Here, \(\tau _i\) measures variance in the production of daughter species and is the reference turnover parameter for extinction and/or speciation events of trait i, \(\beta _i\) is the macroevolutionary net diversification rate of trait i, seen as the long-time average net effect of speciation and extinction, and \(\rho _{01}\) and \(\rho _{10}\) are the resulting macroevolutionary rates of exchange of traits. For later reference we also adopt from Gillespie (1977) the new evolutionary principle that trait success (fitness in population genetics terminology) not only increases with offspring mean but also may decrease with offspring variance inversely proportional to population size. Using macroevolution terminology, \(\tau \) refers to the species turn-over rate, a quantity which has received increasing attention in the empirical literature aiming at interpreting patterns of species diversity (Gamisch and Comes 2019; Han et al. 2020; Nakov et al. 2019).

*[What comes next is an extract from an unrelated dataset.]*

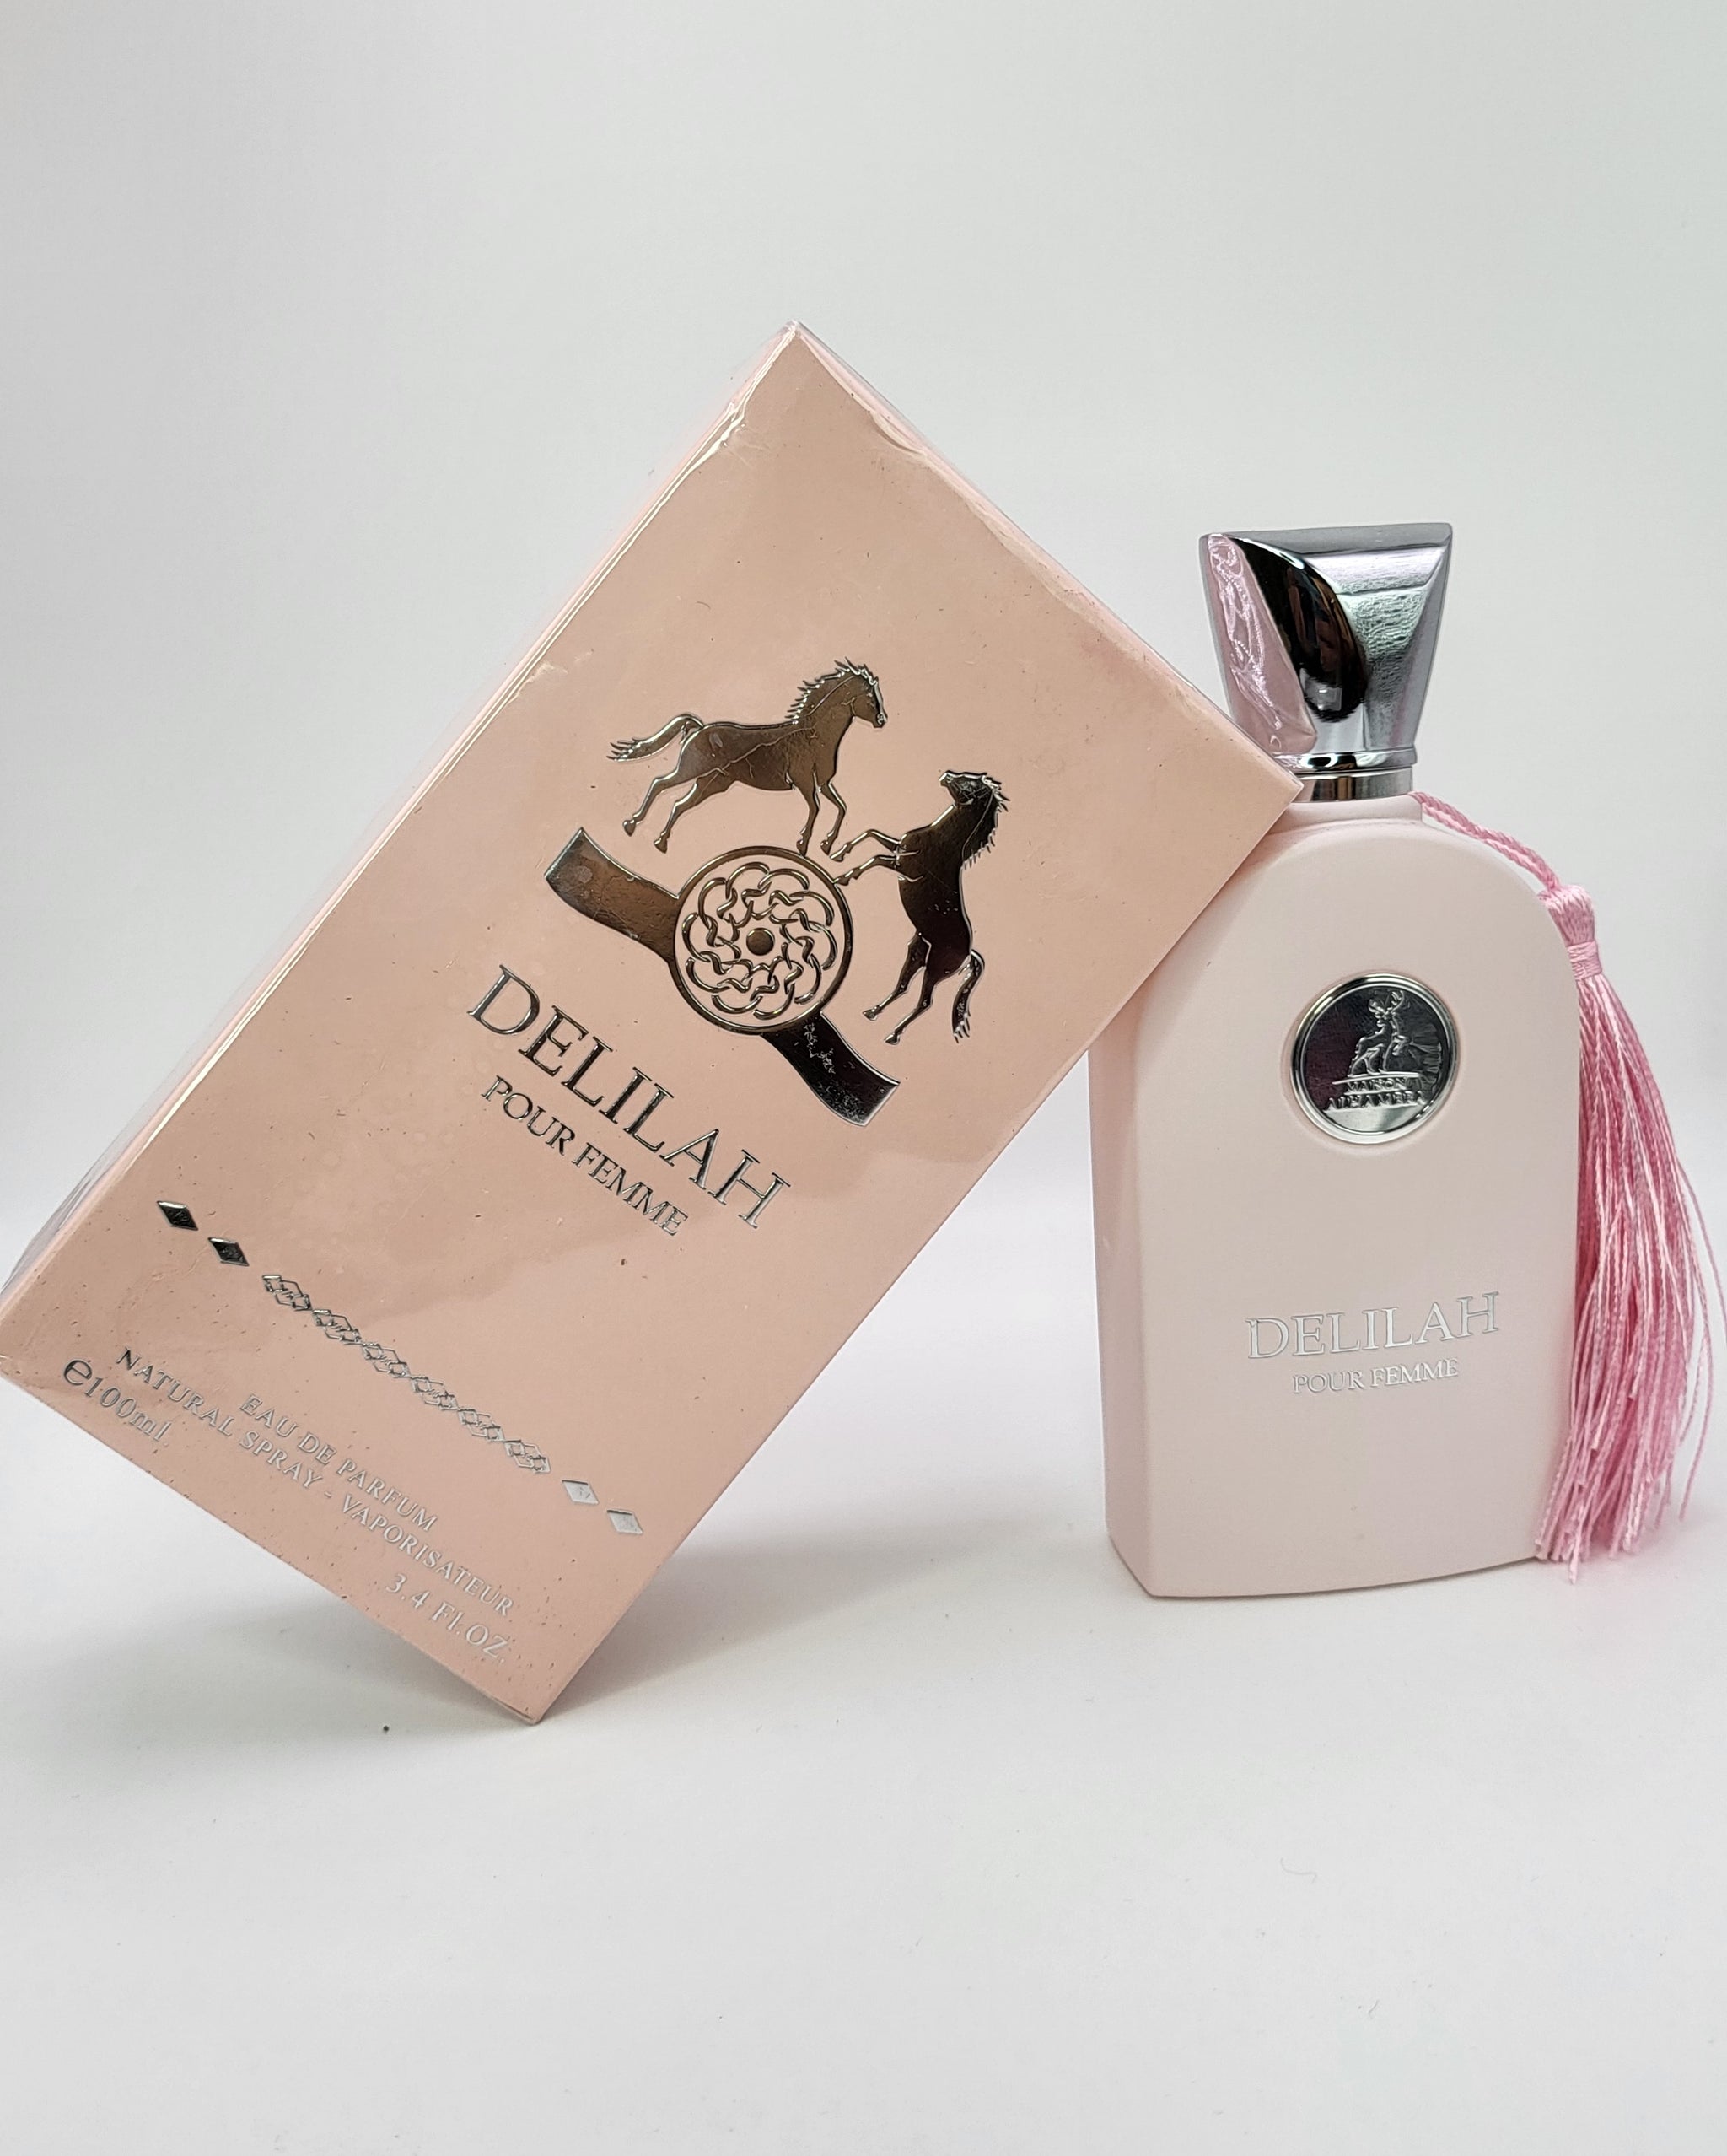 Delilah Pour Femme Eau De Parfum By Maison Alhambra For Women 3.4 oz.

In the current situation of developmental stochastic dynamics, as opposed to environmental stochastic influences, \(\beta _i\) (or rather \(1+\beta _i\)) represent offspring mean and \(\tau _i\) offspring variance. Then, following Gillespie (1974, 1977) the fitness is properly measured by \(f_i(r)\), where

$$\begin{aligned} f_i(r)=\beta _i-\frac{\tau _i}{r},\quad i=0,1. \end{aligned}$$
(7)

Conditionally on the set of paths of X which do not go extinct, let

$$\begin{aligned} P^n_t = \frac{K_{nt}^{(n)}}{K^{(n)}_{nt}+L^{(n)}_{nt}}, \qquad R^n_t=\frac{1}{n} (K^{(n)}_{nt}+L^{(n)}_{nt}), \quad t\ge 0. \end{aligned}$$

The ratio \(P^n\) will play the role of the frequency process \(\xi ^N\), even though the scaled Wright Fisher process \(\xi ^N\) is derived from a population of fixed size N whereas \(P^n\) is a frequency with respect to the stochastically varying species richness process \(R^n\).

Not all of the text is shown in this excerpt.